Il che vuol dire - in base alle verifiche condotte da sindacati e associazioni di categoria secondo cui, a livello nazionale, il 10% dei lavoratori questa mattina sarà sprovvisto della certificazione verde, percentuale che si riduce di oltre la metà, fino ad arrivare al 3/4%, nel caso del territorio reatino - che i senza green pass saranno poco più di 2 mila (2.332 considerando una percentuale del 4 nelle aziende con oltre 100 dipendenti secondo le stime di Federlazio Rieti).
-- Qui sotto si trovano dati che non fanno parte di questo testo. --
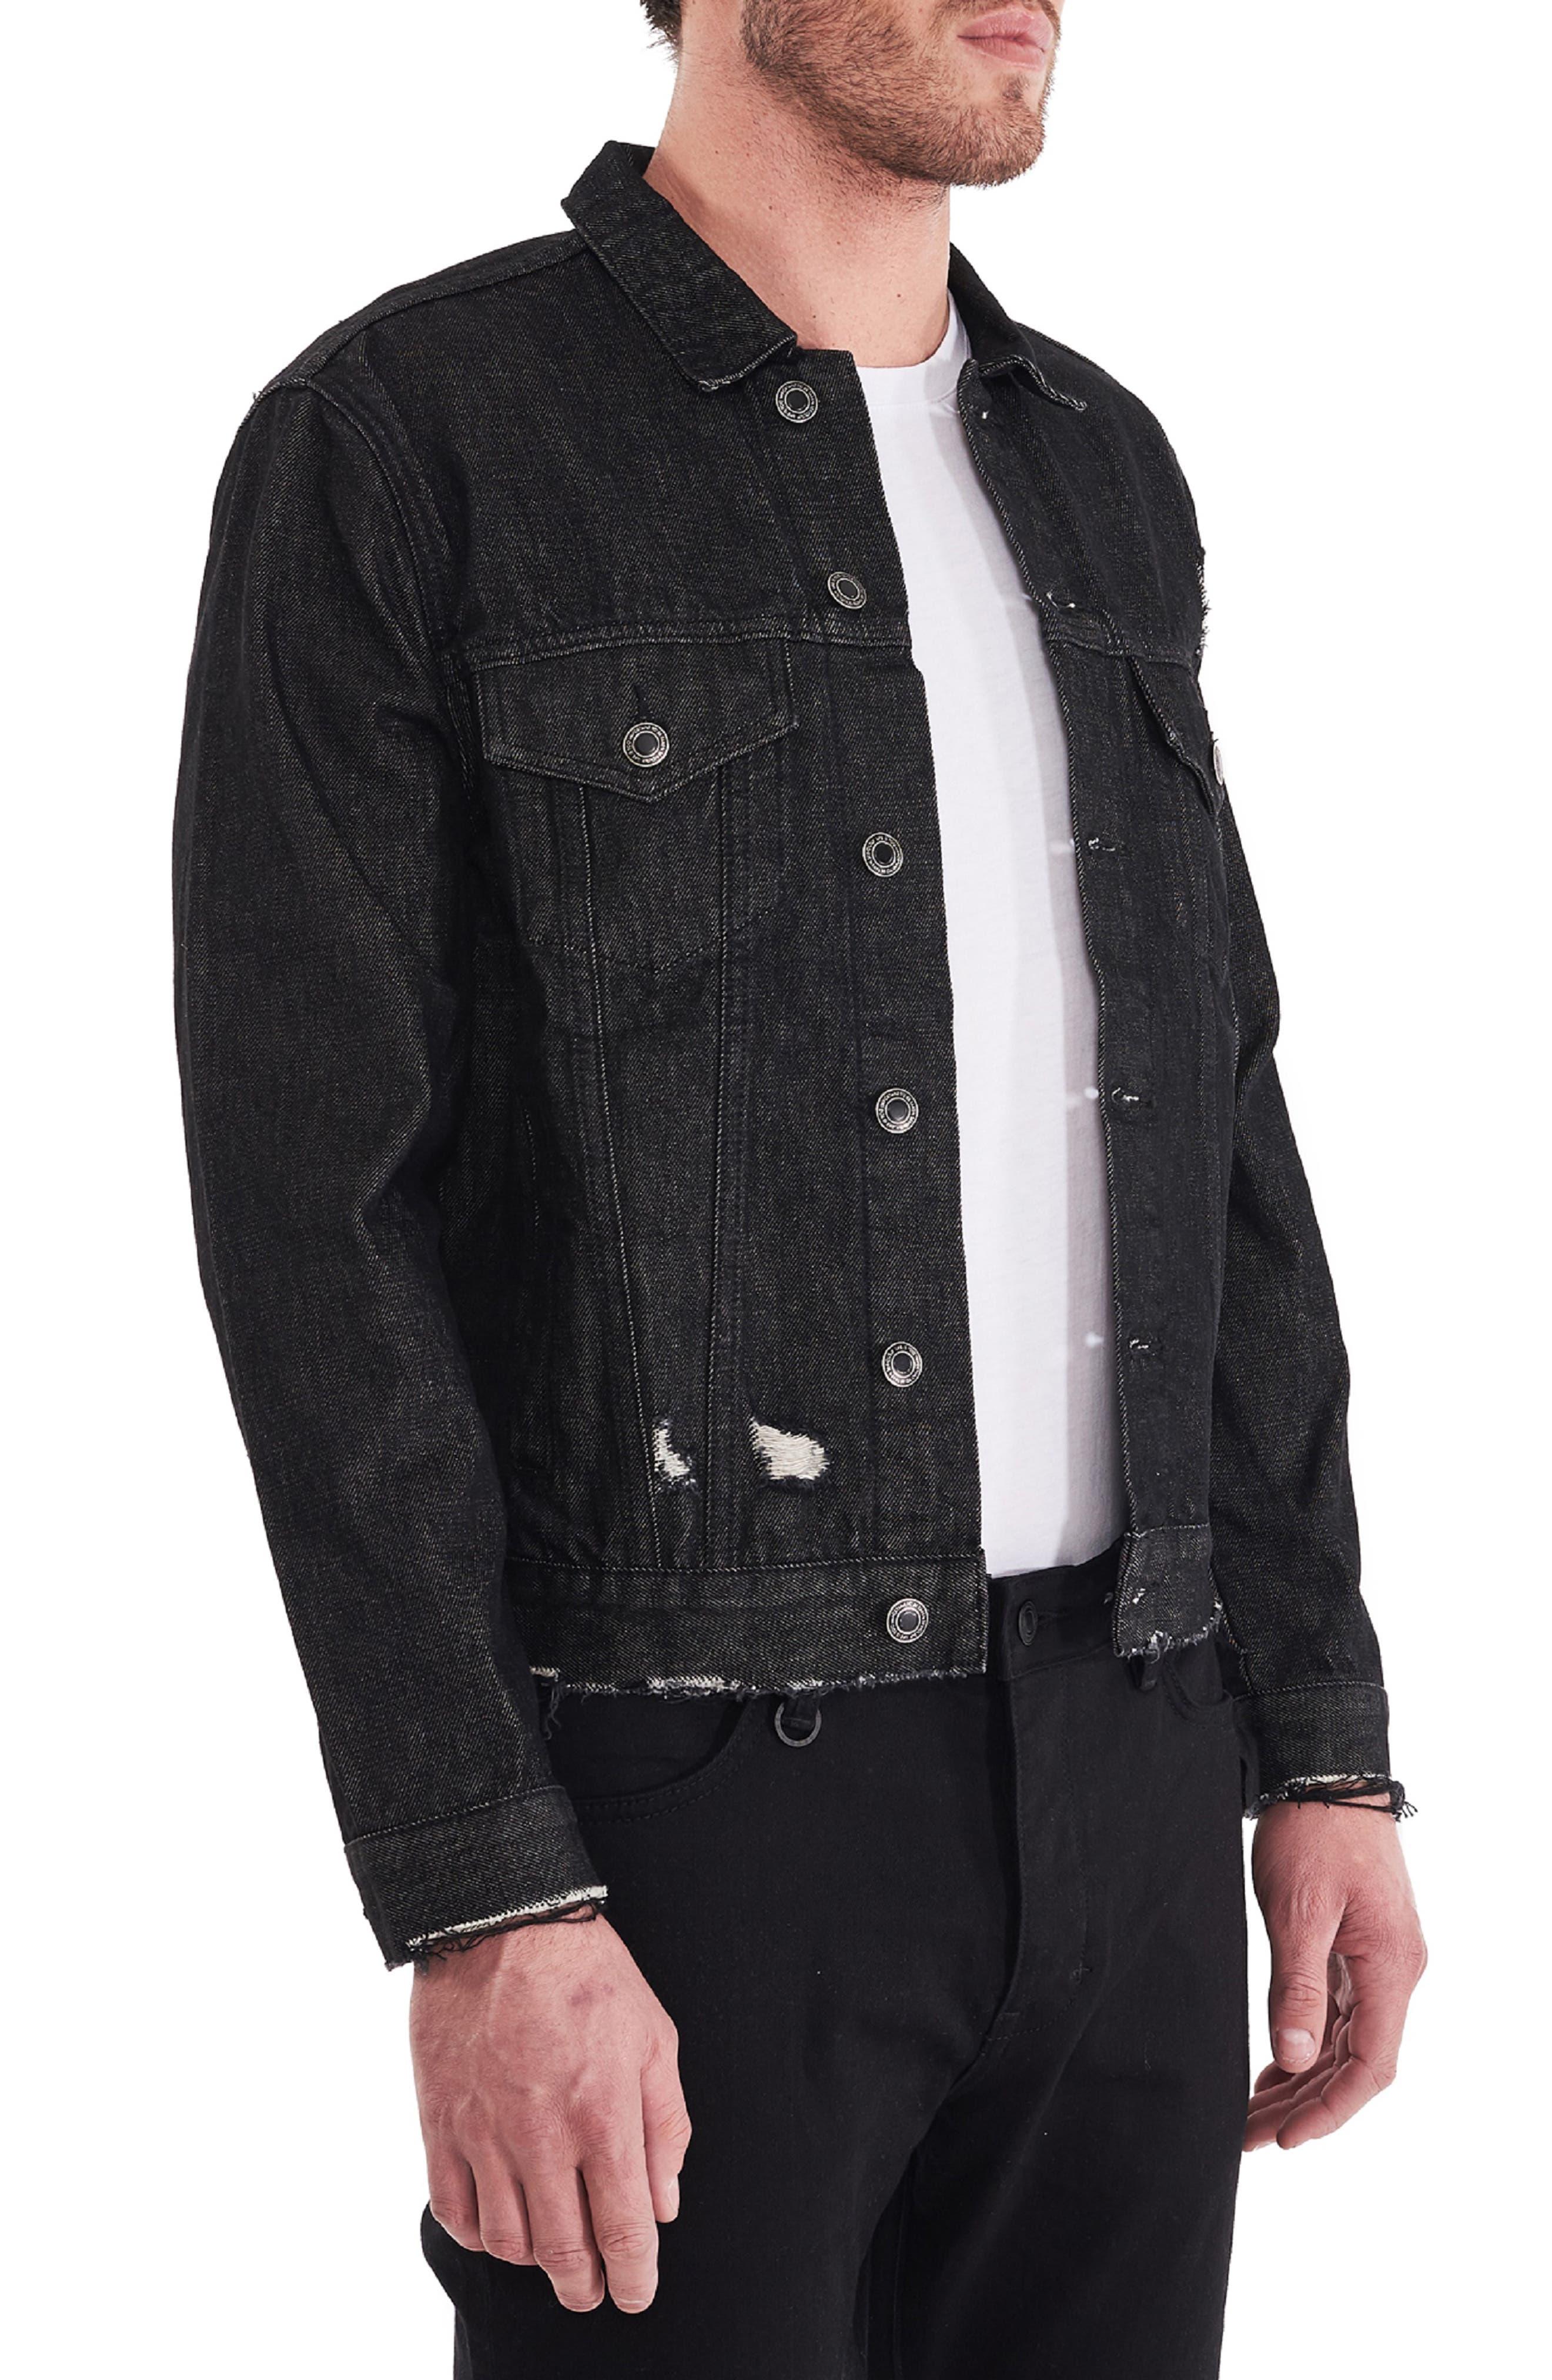 Type One Black Label Denim Jacket,                             Alternate thumbnail 3, color,                             BLACK LABEL

Un dato che ben si lega agli ultimi resi noti dall’Azienda sanitaria locale circa il numero di somministrazioni di vaccini erogate fino al 12 ottobre, 190 mila complessivamente, mentre sfiora le 92 mila unità il numero di cittadini che hanno completato il ciclo vaccinale (per completare il quadro, ieri si sono registrati 3 nuovi soggetti positivi al test Covid 19 e 6 nuovi guariti con il totale dei positivi che si attesta a 121). 

 

L’obbligo della certificazione verde ha fatto scattare la corsa ai tamponi (15 euro per gli adulti e 8 per i bambini) in tutte le farmacie del territorio, le cui prenotazioni sono cresciute in maniera esponenziale negli ultimi giorni. “Siamo stati presi d’assalto – conferma Anna Luzi della farmacia ‘La stazione’ di Passo Corese -; oggi (ieri, ndr) ne faremo 60 quando nei giorni scorsi eravamo a 15 tamponi giornalieri”. Un banco di prova, quello di oggi, anche per i datori di lavoro che dovranno controllare che i propri dipendenti arrivino sul posto di lavoro in generale muniti di green pass, controlli che potranno avvenire in anticipo ma non prima di 48 ore.